The bill, H.B. 3653, was passed in the final days of the lame-duck session last month by the General Assembly and aims to address police accountability and inequities in law enforcement.

The legislation was authored by the Black Caucus and also acts to require police body cameras by 2025 and expand police training and instances in which officers can be stripped of certification.

The bill also expands new procedures for no-knock warrants and offers suspects who are arrested three phone calls instead of one.

Police unions and other law enforcement organizations have urged Pritzker to veto the bill, saying it would give crime suspects more advantages than police.

Many provisions will take effect on July 1, while others will be phased in over the next four years.

The legislation was authored by the Black Caucus and also acts to require police body cameras by 2025 and expand police training and instances in which officers can be stripped of certification.

Gov. Pritzker released a tweet about the facts of the bill, debunking some of the myths.

“MYTH: The bill endangers communities and emboldens criminals.

“FACT: It moves Illinois from a pretrial detention system that prioritizes wealth to one that prioritizes public safety. It also improves access to substance use programs and modernizes sentencing laws.

“MYTH: The bill defunds the police.

“FACT: It requires more investments into officer training, mental health and officer wellness, and the use of body worn cameras.

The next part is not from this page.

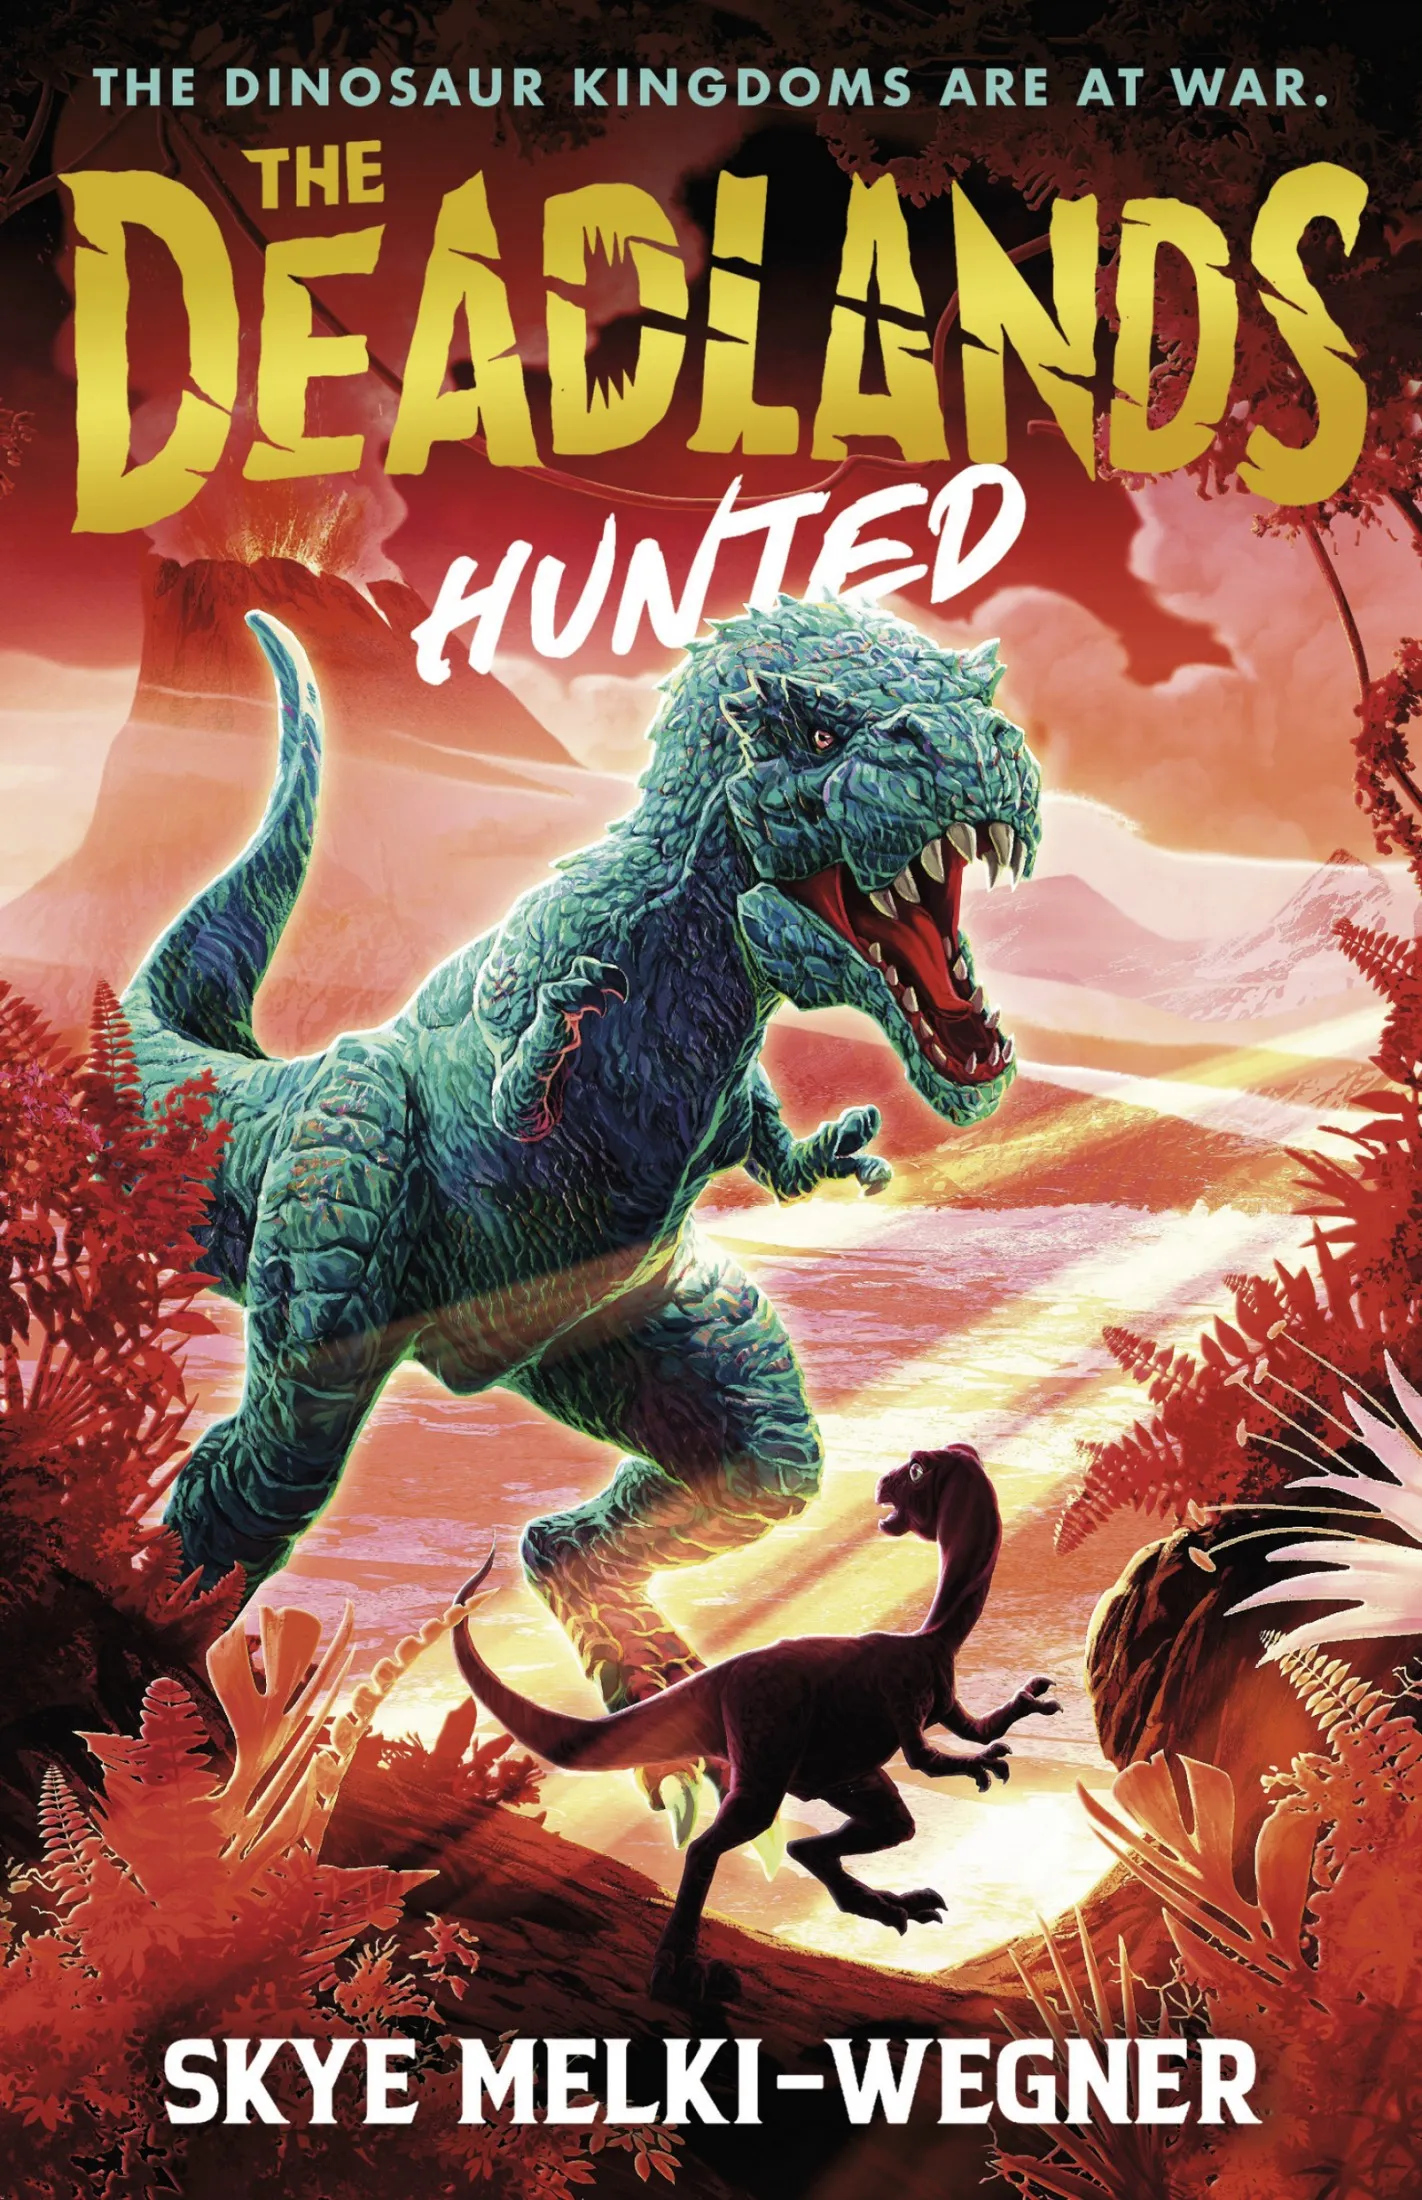 Hunted (The Deadlands #1)

“MYTH: The bill is overly punitive of police officers.

“FACT: It expands training opportunities for officers and protects them from unjust lawsuits. It also sets statewide standards on force, crowd control, de-escalation and arrest techniques so officers have clarity

“MYTH: The bill was rushed through without external input.

“FACT: It was the result of 9 public hearings, 30 hours of testimony and meetings with law enforcement, community members and advocates. It also focuses on the needs of crime victims, many of whom support the bill.”